Can borrowing lead to greater debt, or is it just a myth?
Borrowing means an individual or a country receives a sum of value in exchange for an obligation to pay back the total amount at much higher rate during a specific time period in the future.
The concept of ‘borrowing’, whether it be for economic needs of countries and institutions or personal requirement, has been followed since ages. Borrowing means an individual or a country receives a sum of value in exchange for an obligation to pay back the total amount at a much higher rate for a specific time period in the future. However, borrowing is not limited to bank giving you a loan, it has in current world, modernized. This has brought in more reasons for individuals to be confused about the medium/s to opt for when they want financial aid or even how they will be financially impacted. In India, for individuals, many banks and financial institution provide loans either through credit cards or personal loans at a fixed rate or floating rate of interest.
According to Qbera.com, as the whole world comes in a state of perpetual debt, one needs to ask themselves whether the concept of debt merely virtual? Or is it not? Most importantly, how does borrowing affect you as an individual? Will borrowing, as is quite evident from events in the past, always lead to financial misery? Or is it just a myth? Let’s try and find out!
Aditya Kumar, Founder & CEO Qbera.com explains on whether borrowing can lead to a debt trap for an individual or not. People often find themselves puzzled about the type of borrowing instrument to pick. In today’s world, the most fitting borrowing options, at least for salaried individuals (they make up for the majority in the present-day borrowers’ community), are credit cards and personal loans. With banks and financial institutions constantly upgrading their credit products, borrowers often find themselves confused in choosing the ideal credit product.
Different credit products work differently.
Kumar says, "While we evaluate whether or not borrowing can lead to insurmountable debt, we’ll have to consider the individual workings of different credit products and how each of them play a diverse role in our overall financial health."
How much do credit cards and personal loans affect the debt?
Individuals with good credit scores will have multiple lending institutions offering them access to a multitude of credit instruments. This is where it is immensely essential to exercise the element of caution. We’ve often come across instances where debt has enveloped communities on a global scale in its dark underbelly.
Personal loans are unsecured loans that come with an interest rate between 11% and 16%, sometimes more (can overshoot 20% too). These loans often require you to have a good credit score in order to be eligible. The quantum of amount that you can borrow is directly proportional to your income. Tenure options usually stretch up to 5-year or 7-year periods or even longer.
Sometimes, a good credit score will give you access to multiple loans. With a good income level, you’ll have multiple financial institutions offering you loan options. Let’s say you take your options.

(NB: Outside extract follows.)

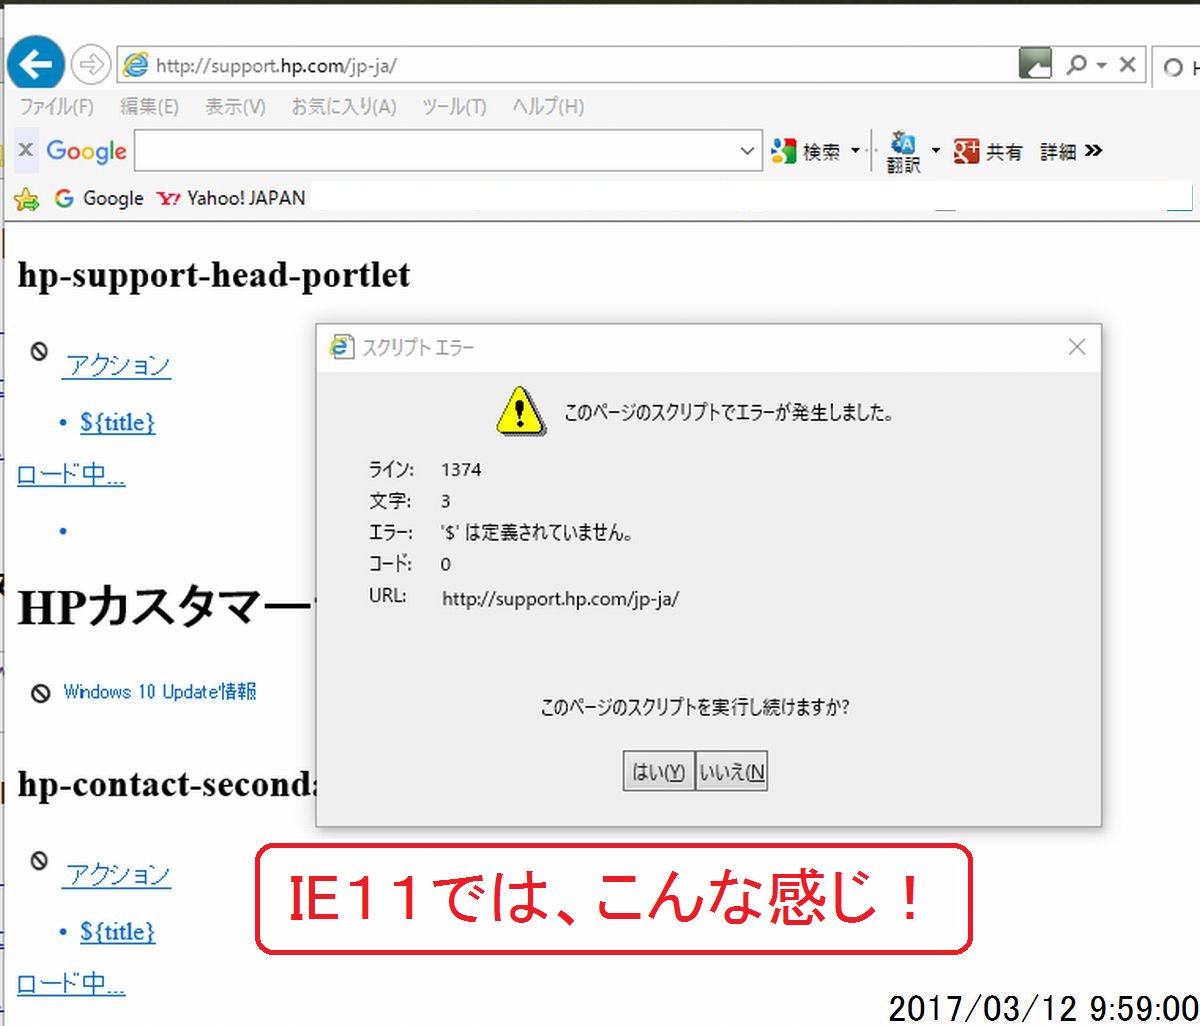 Pccan 中野パソコン修理屋さん A Twitter 今朝 パソコン修理の作業で 日本hpのサポートページを開いた所 サポートページのカテゴリのみレイアウト リンク異常 Ieで確認した所 スクリプトエラー表示 Javaを削除し 正常表示 事無きを得ました 自分のpcトラブル

Now, losing your job or your source of income will be detrimental to your financial interests – this is something you would agree without question.
A situation like this has only one deduction – borrowing will in fact, lead to great debt.

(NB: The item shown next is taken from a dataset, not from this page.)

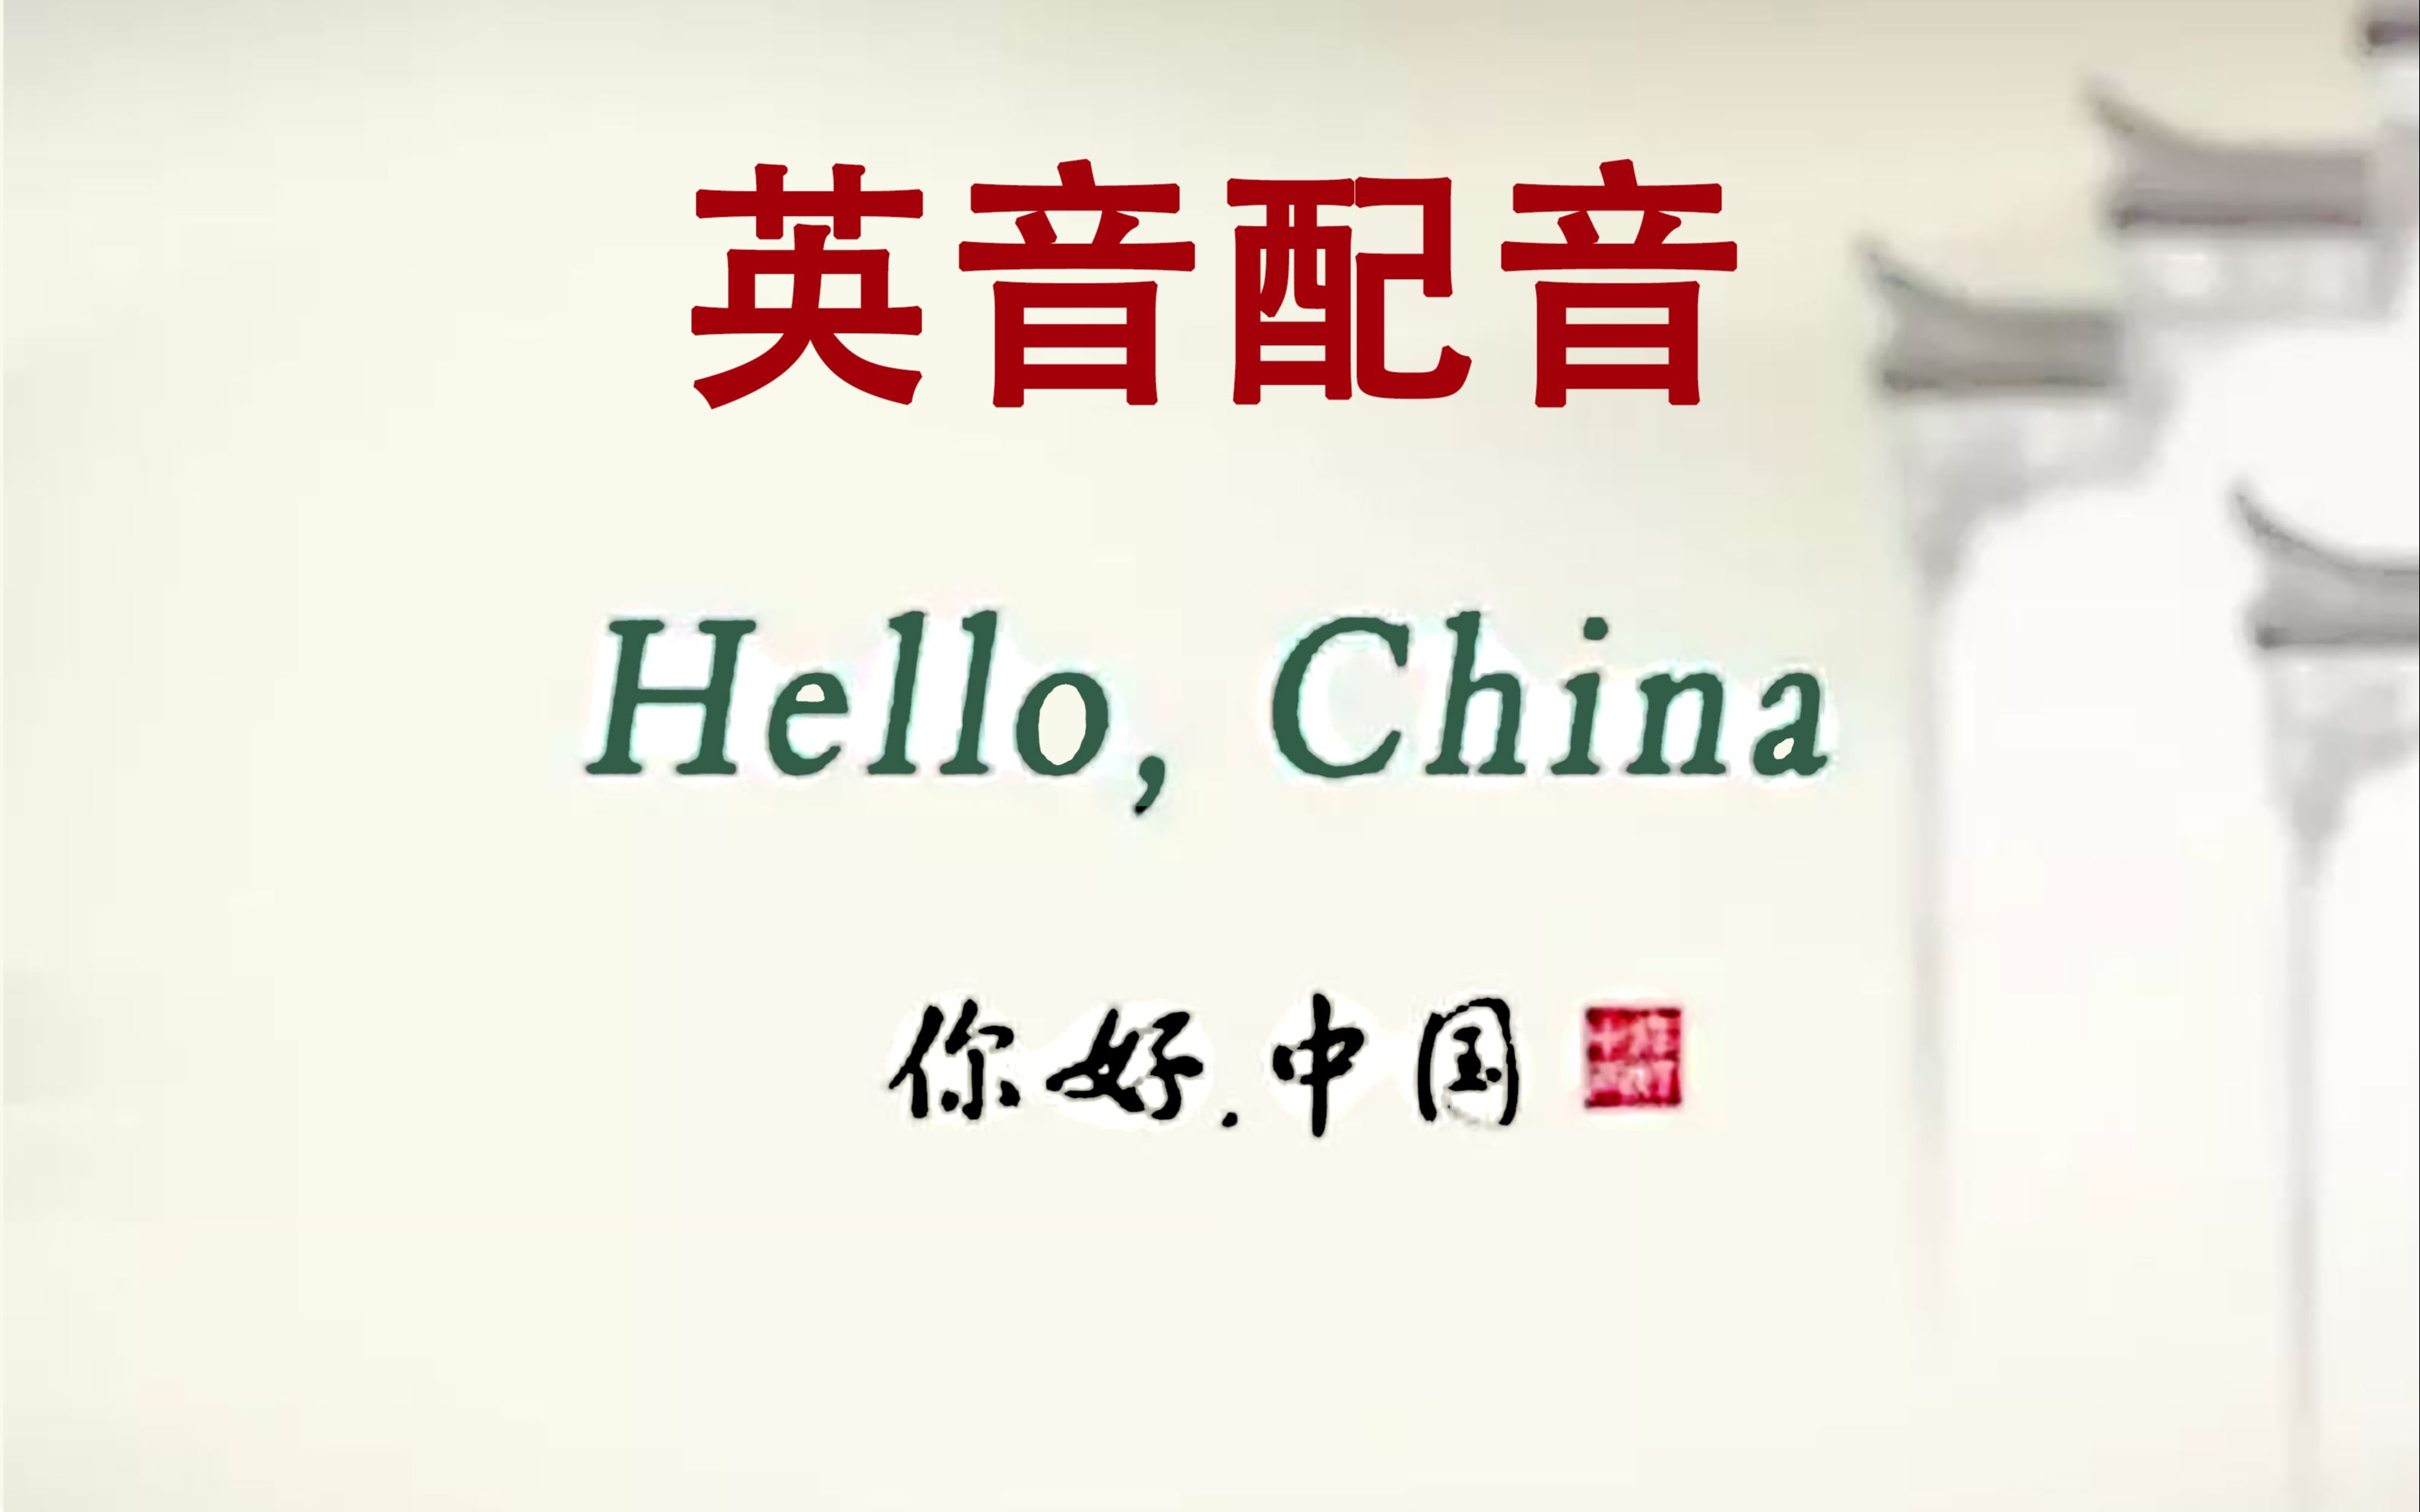 [图]【太阳】Hello China《你好中国》英音配音

However, if your income level is good, you have more than one source of income, and only one loan account where your monthly repayment is less than 30% of your monthly income, borrowing will not lead to a great debt.
As such, whatever way you look at it, borrowing can, or wouldn’t lead to great debt. Debt management is what makes the difference.

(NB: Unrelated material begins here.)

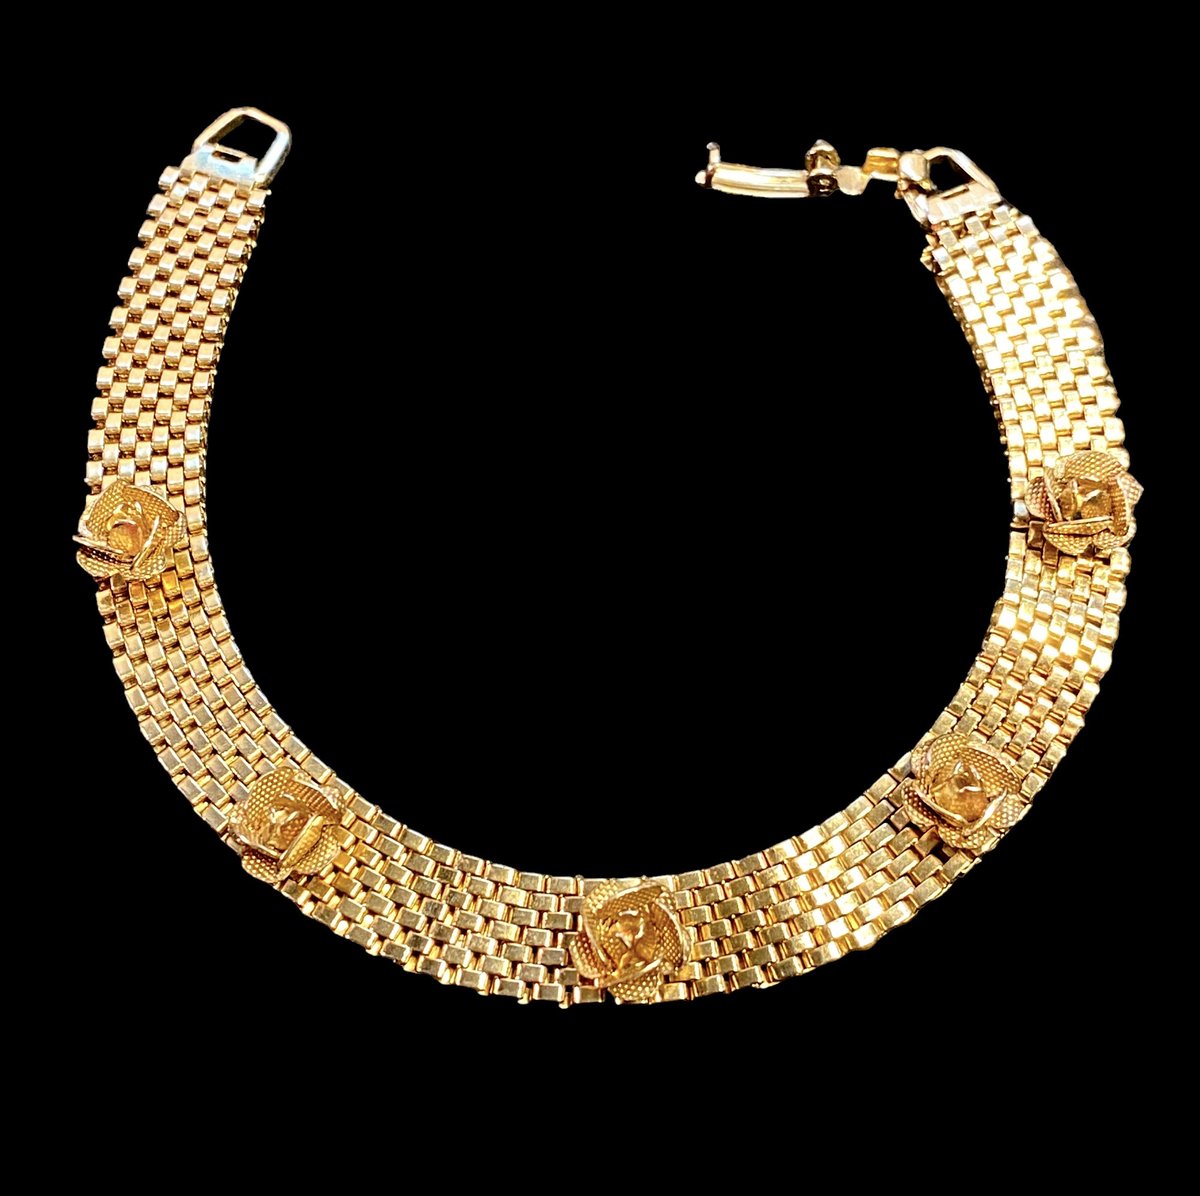 Vintage Gold Tone Mesh Bracelet with Flower Rose Buds  #FestiveEtsyFinds #gold #mesh #rosebud #flower #bracelet #vintage #Fashion #Jewelry #Gifts etsy.me/3M8I3gC via
@Etsy

As a matter of fact, taking a personal loan to make an investment or purchase an insurance product is a great example to demonstrate borrowing in good light, not leading to great debt of course (if managed effectively).
Credit cards are similar to personal loans, only that they come with a much higher rate of interest. Interest rates on certain credit cards stand at over 40% p.a. Having multiple credit cards and not giving due importance in managing your debt to income ratio can definitely lead to dangerous debt levels.
The right approach to borrowing is to effectively manage your debt to income ratio – at any point, your monthly debt repayments should not exceed 40 percent of your income (ideally, 30% should be your limit). If it does, you are approaching unfriendly territory.
Why borrowing doesn’t always lead to great debt?
After having understood the dangers of excessive borrowing, then know that controlled borrowing DOES NOT lead to intractable debt, but does in fact help grow the individual or the economy as the case may be.
- With the steady increase in disbursal of personal loans and other credit products, banks in India have posted steady financial growth.
- While NPAs have been an area of concern, steps to curb their emergence can show increased borrowings in great light.
- Credit cards have improved purchasing power of individuals, also helping them improve quality of life.
In conclusion, borrowing doesn’t necessarily lead to great debt. Management of debt is what leads to financial ruin or financial freedom.